Ein letztes Mal sehen, berühren und begreifen …

Für Kinder ist der Tod noch viel schwerer zu verstehen als für Erwachsene, daher ist es gerade für sie besonders wichtig, sich ein konkretes Bild vom verstorbenen Menschen zu machen. Wenn Kinder gut vorbereitet und begleitet werden und sich sicher fühlen, gehen sie sehr natürlich mit dem Thema Tod um: Sie suchen den Kontakt zum Verstorbenen ohne große Scheu und können das Erlebte gut verarbeiten. Meist sind Kinder beim Abschied vom Verstorbenen weit ungezwungener als Erwachsene und stellen eine Bereicherung für alle dar. Wichtig ist, dass wir sie nicht ins Zwangskorsett unserer erwachsenen Vorstellungen darüber stecken, wie man sich bei Trauerfeiern und beim Abschiednehmen verhält und wie man trauert, und ihnen nicht unseren Rhythmus der Gefühle und unsere Konventionen aufzwingt. Kinder dürfen alle Fragen stellen, die sie haben, auch wenn sie uns unangemessen erscheinen, und wenn Kinder zwischendurch spielen, lachen und vergessen, was geschehen ist, dann ist das normal und gesund: Das sind Erholungsphasen, die das Kind dringend braucht.
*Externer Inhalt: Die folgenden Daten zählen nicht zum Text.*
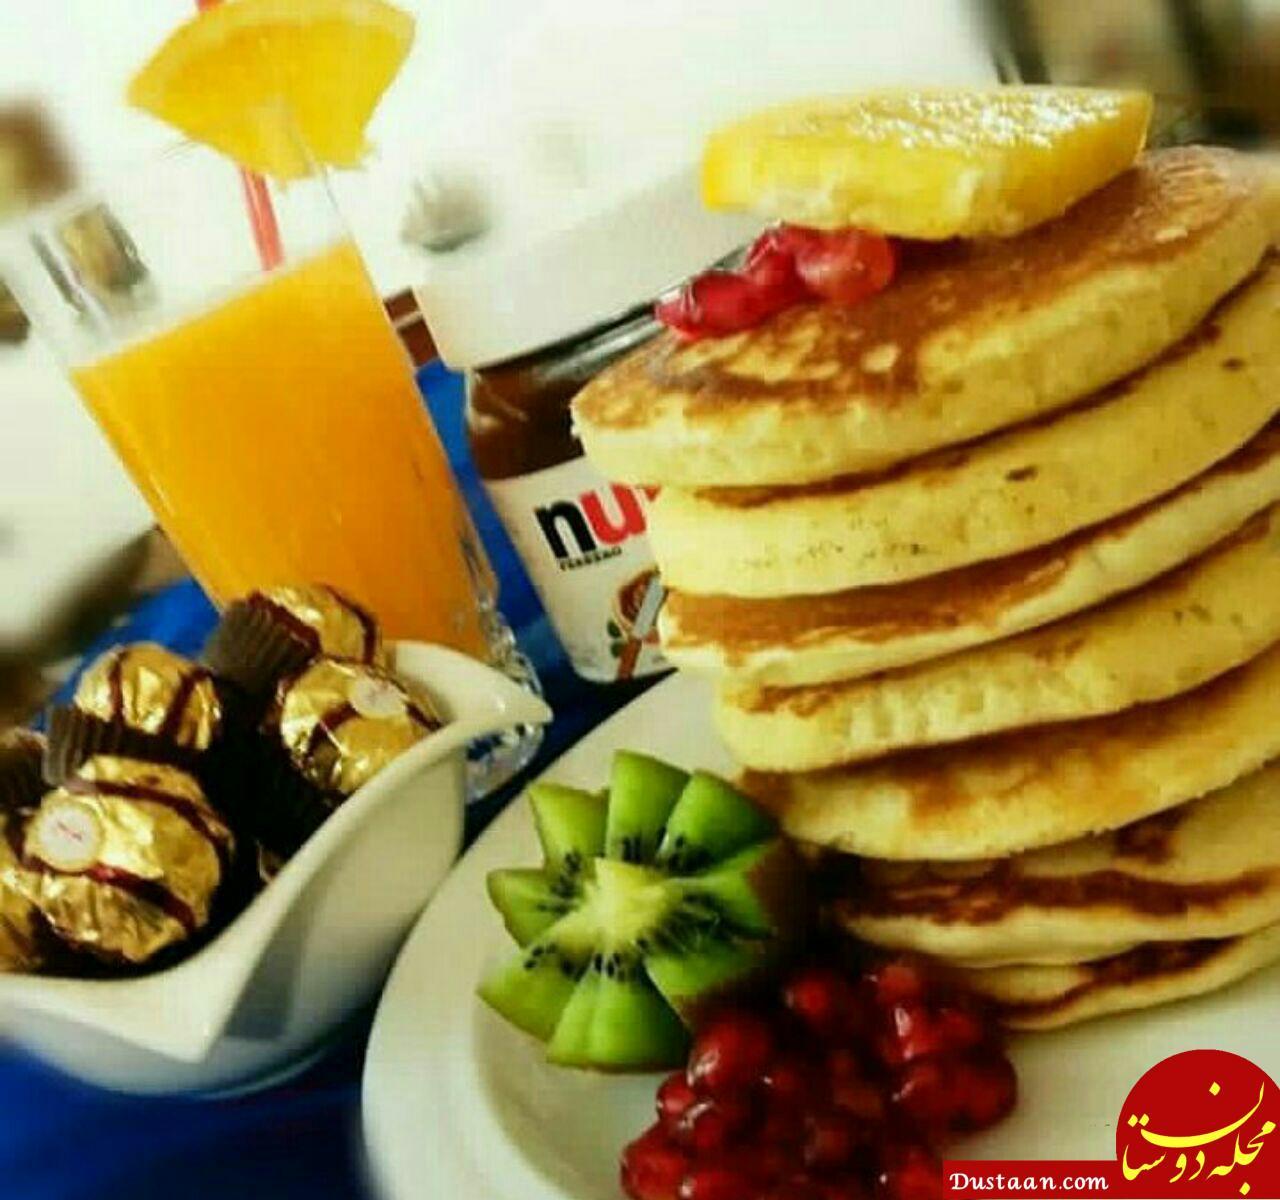 طرز تهیه پنکیک صبحانه به سبکی خوشمزه و متفاوت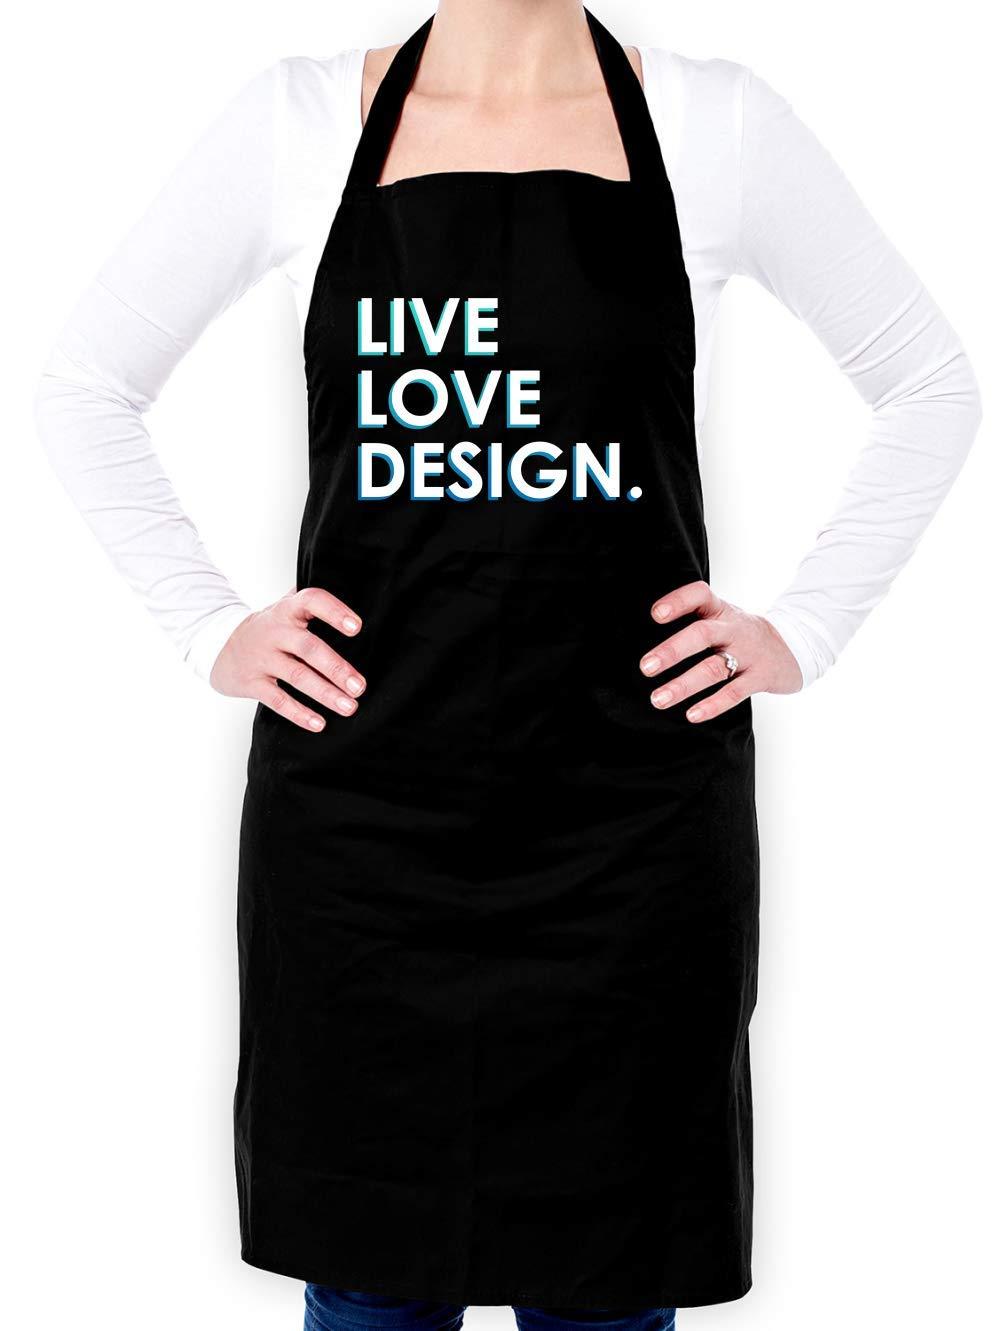 Dressdown Live Love Design - Unisex Adult Apron - Black - One Size

Im Unterschied zu uns Erwachsenen halten Kinder nämlich schmerzhafte Situationen viel weniger lange aus, sie schalten, wenn es ihnen zu viel wird, automatisch ab und beschäftigen sich mit etwas anderem und beginnen beispielsweise zu spielen, möchten einen Film anschauen, wenn ihnen der Prozess des Abschiednehmens der Erwachsenen zu lange dauert oder emotional zu schwer wird. Lassen sie die Kinder dann machen, wonach ihnen der Sinn steht, sie brauchen dann einfach Ablenkung und damit Erholung. Fixieren sie ein Kind niemals im Trauermodus, versuchen sie aber auch niemals ein Kind von seiner Trauer abzulenken, wenn es gerade traurig ist. Trauer ist wie gesagt gesund.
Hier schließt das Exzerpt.